*** Opening of Collected material ***

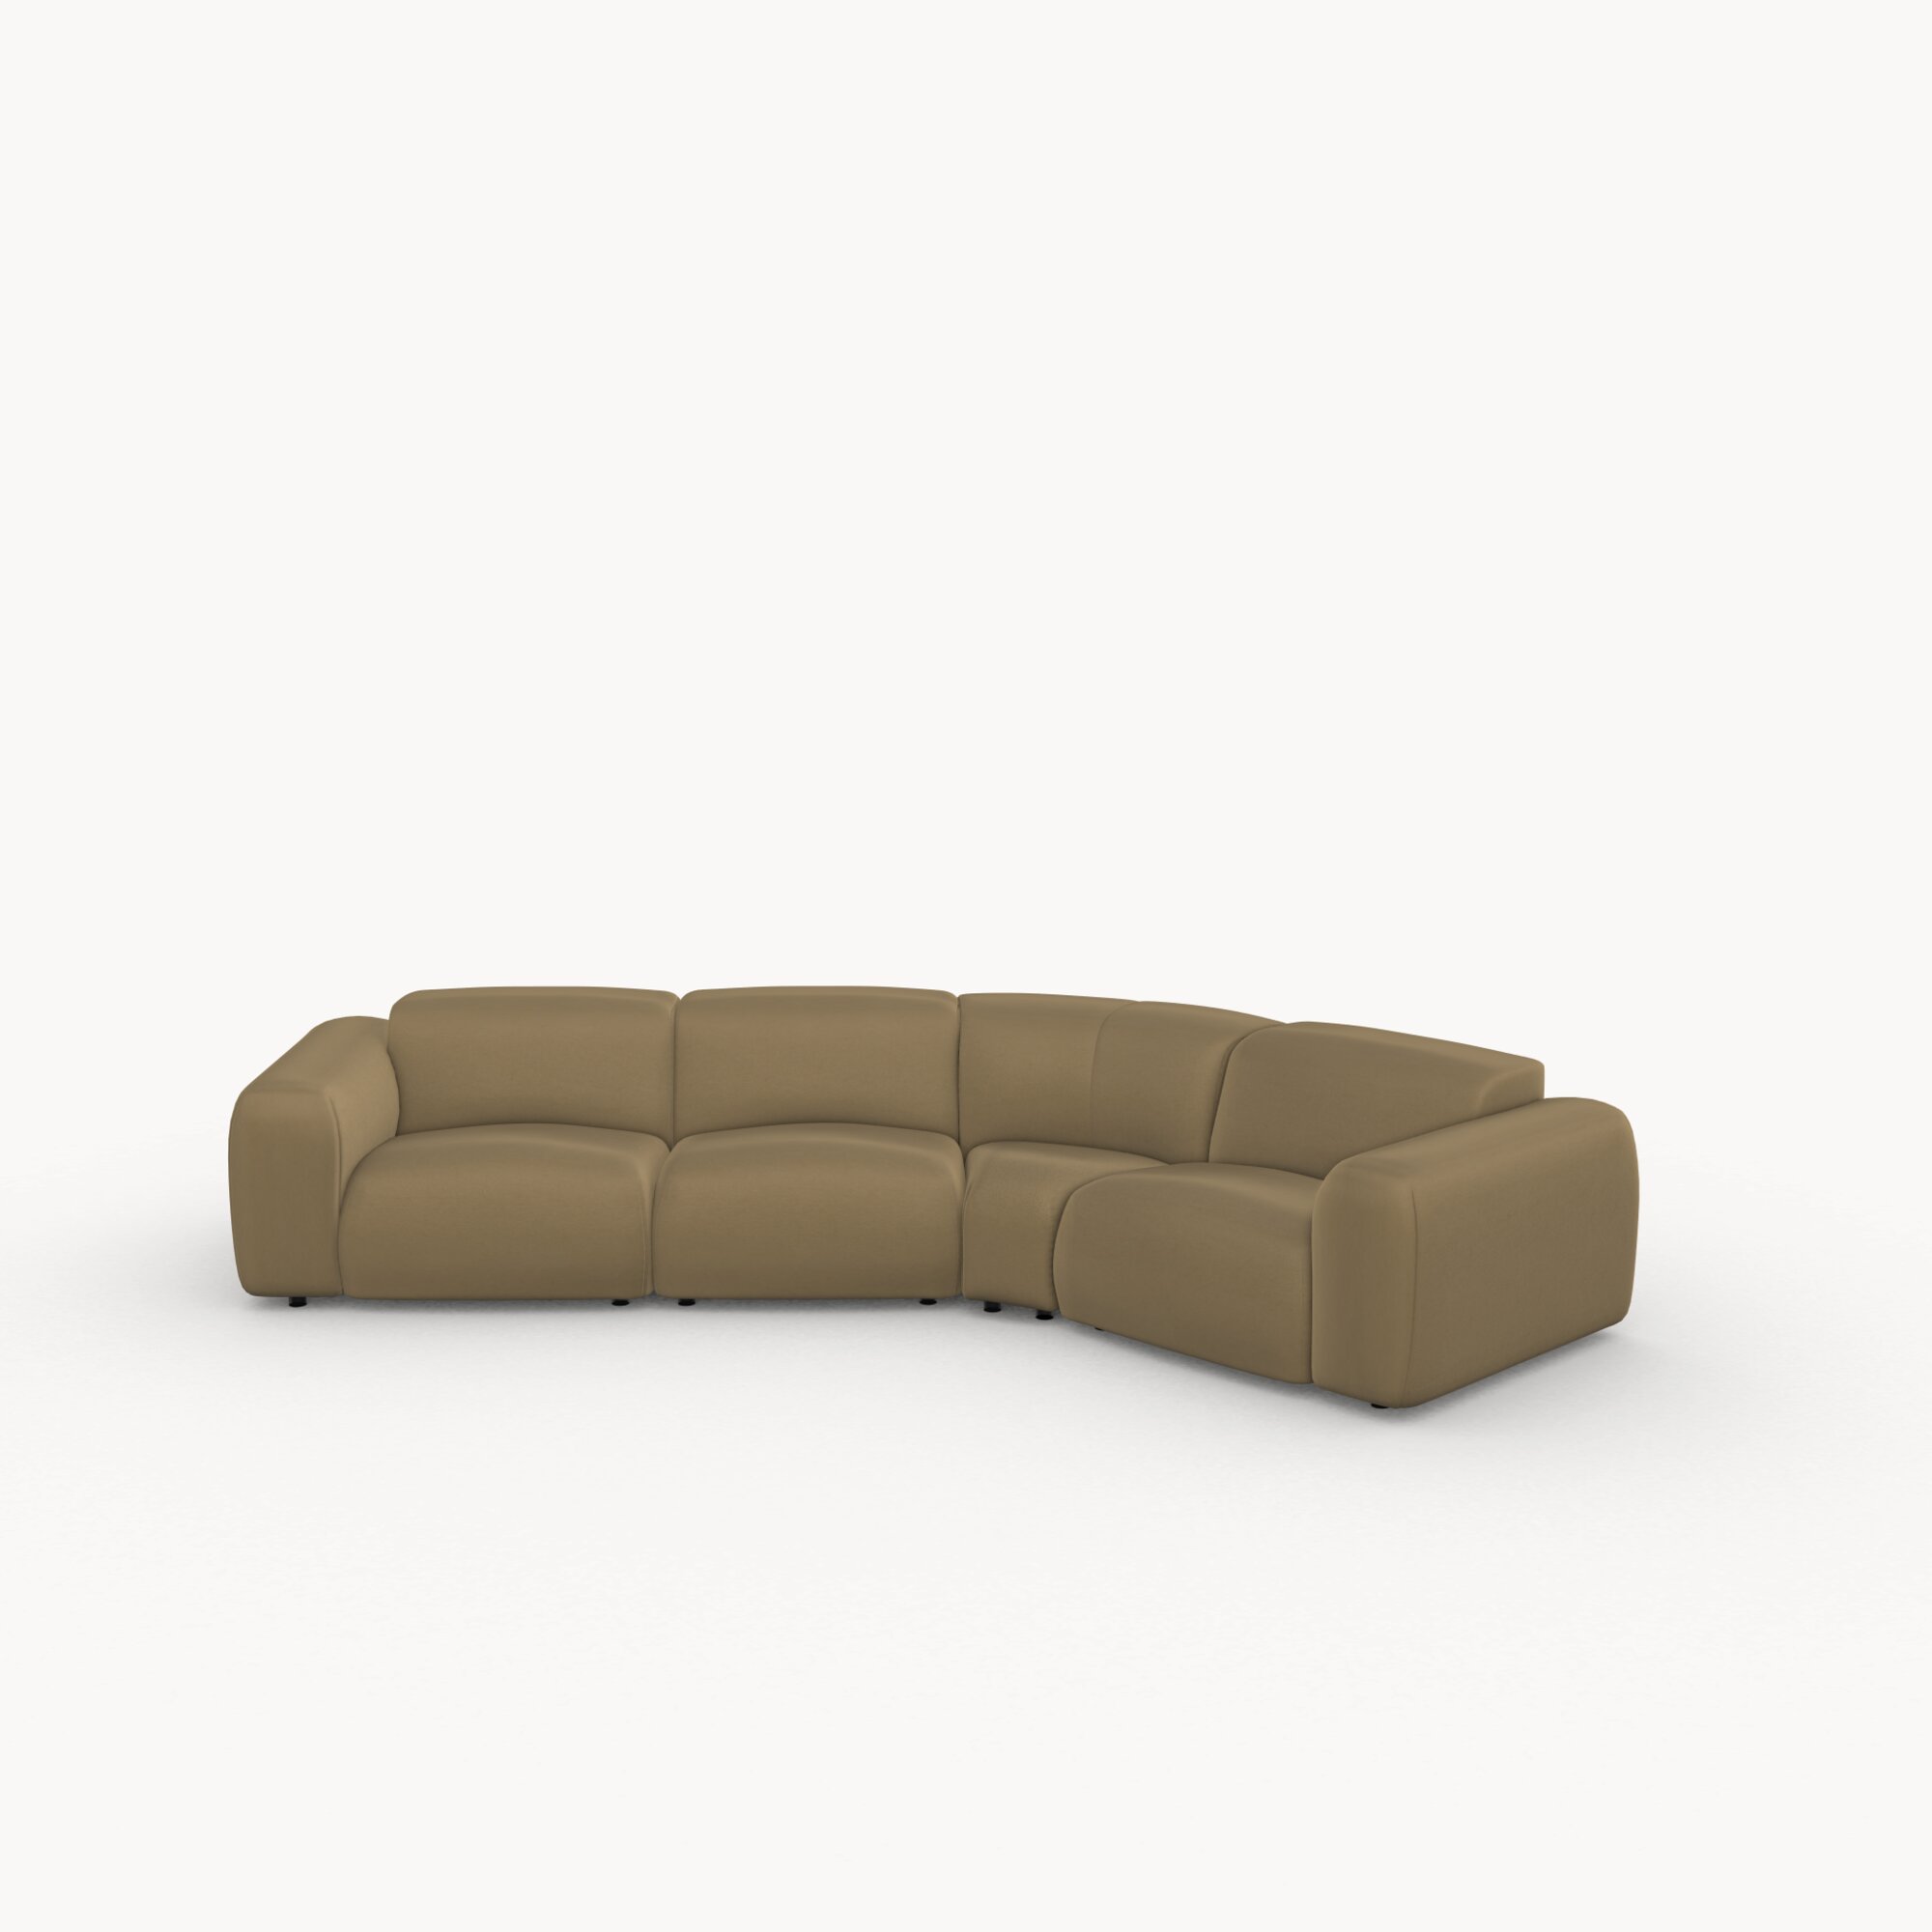 Design modern sofa | Cosy Sofa Corner Element 45 Degrees tonus4 244 | Studio HENK| 
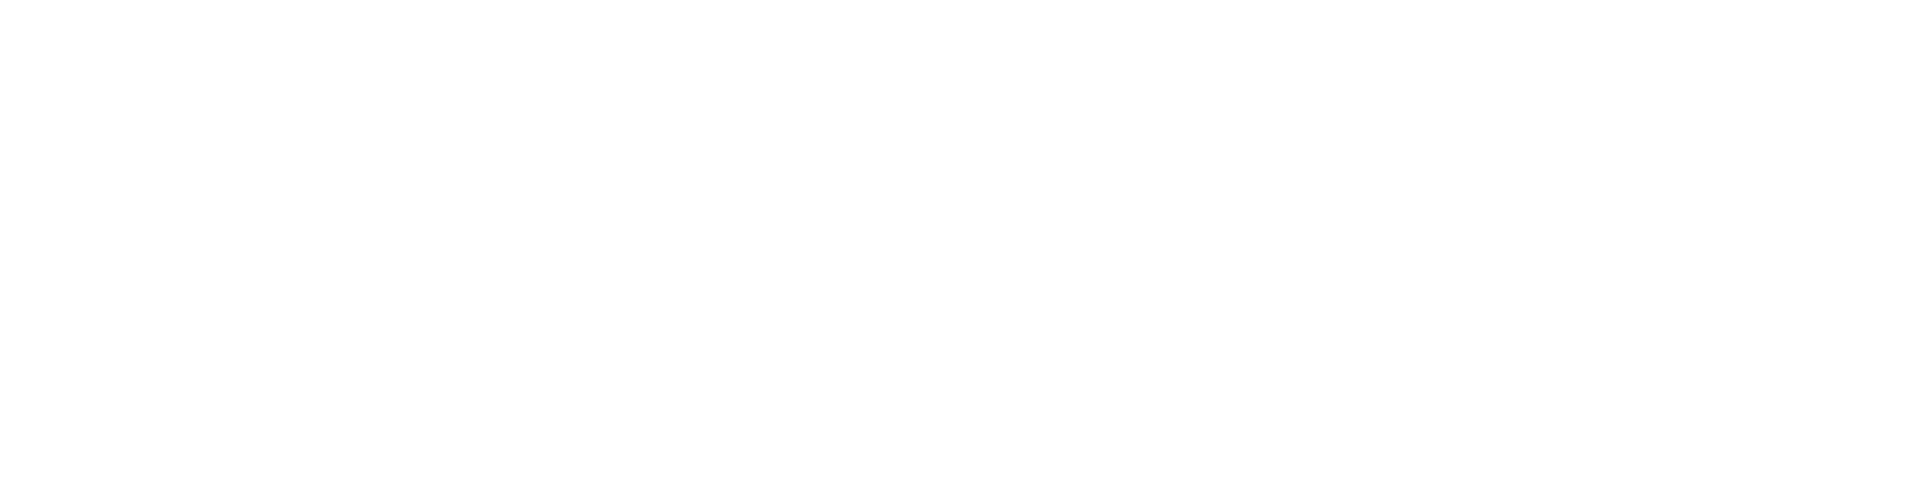 NSB Cyber
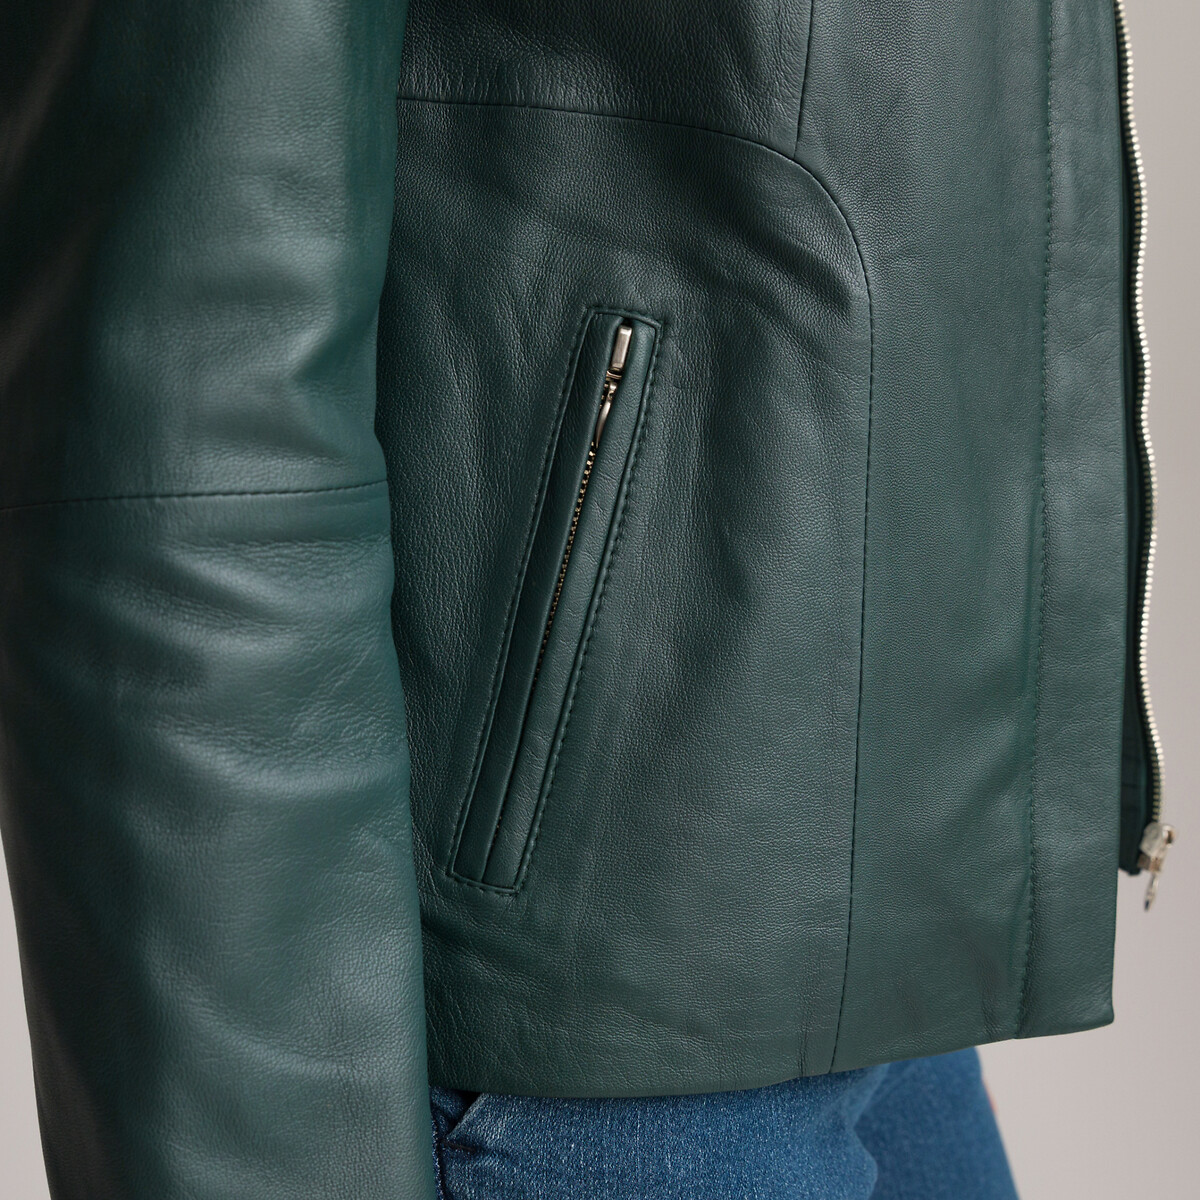 Куртка ANNE WEYBURN Куртка Короткая из кожи ягненка 54 (FR) - 60 (RUS) зеленый, размер 54 (FR) - 60 (RUS) Куртка Короткая из кожи ягненка 54 (FR) - 60 (RUS) зеленый - фото 2
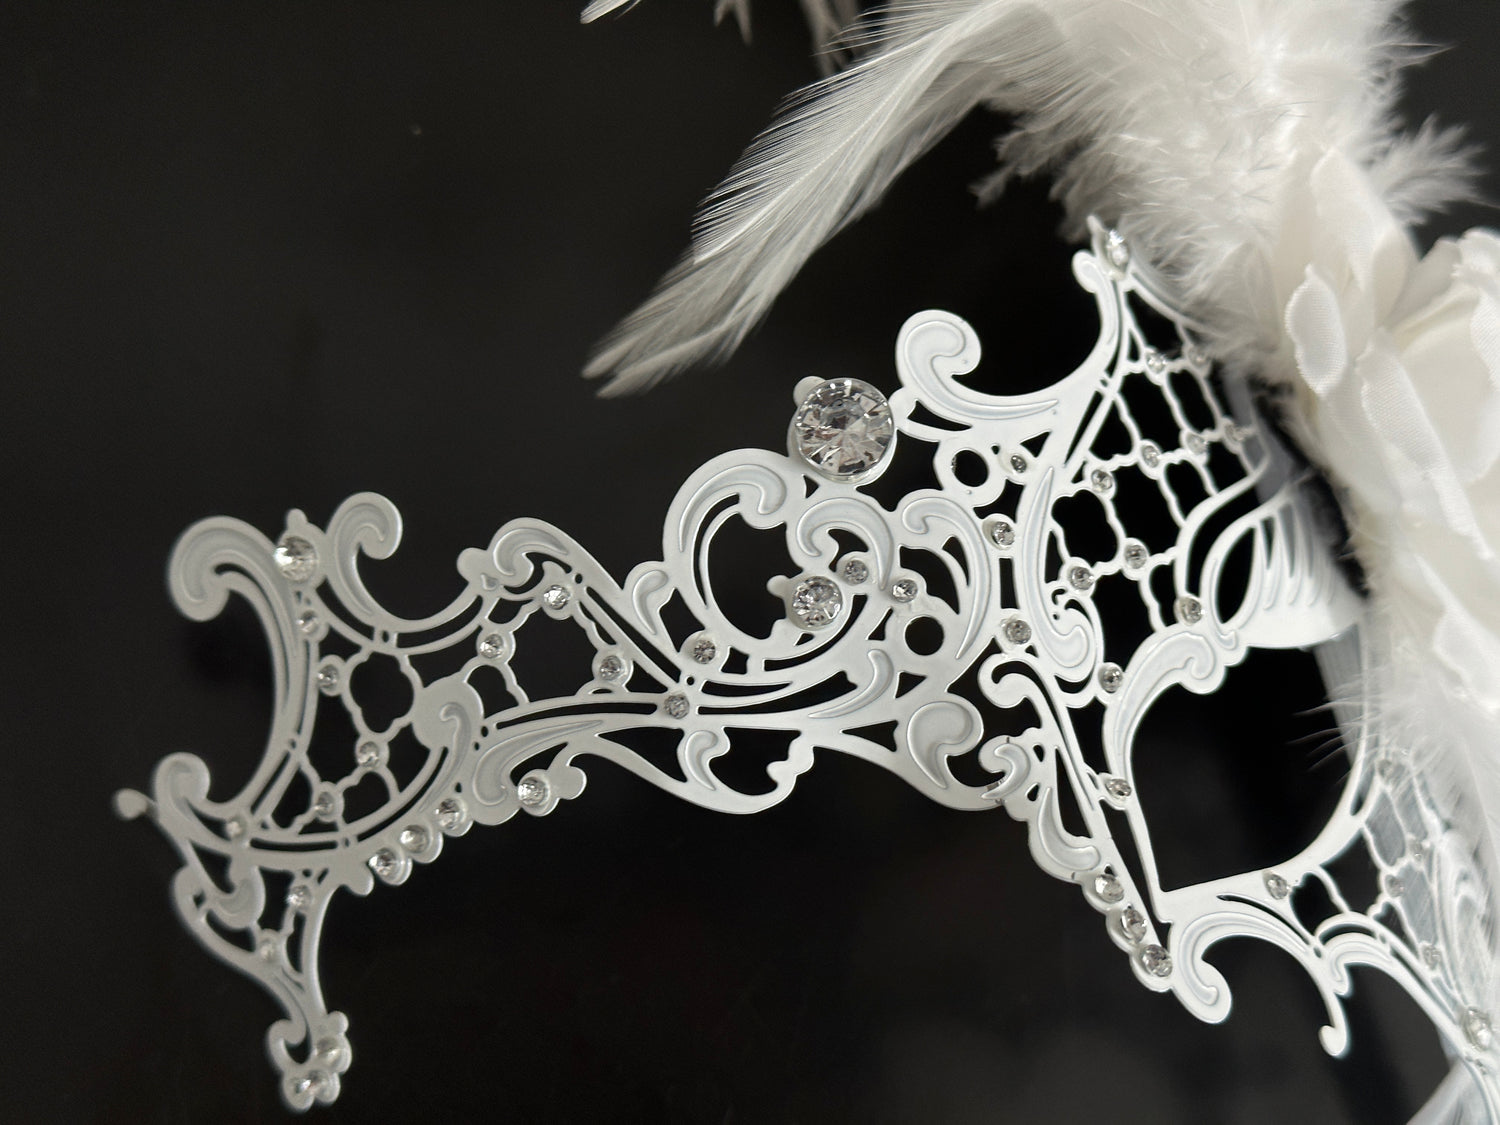 Metal Rhinestone Feather Mask - White

*** Close of Collected material ***

> **Assignment**:
Please return the full listing word for word, but without any pictures.

> **Solution**:
 Design modern sofa | Cosy Sofa Corner Element 45 Degrees tonus4 244 | Studio HENK| 
 NSB Cyber
 Куртка ANNE WEYBURN Куртка Короткая из кожи ягненка 54 (FR) - 60 (RUS) зеленый, размер 54 (FR) - 60 (RUS) Куртка Короткая из кожи ягненка 54 (FR) - 60 (RUS) зеленый - фото 2
 Metal Rhinestone Feather Mask - White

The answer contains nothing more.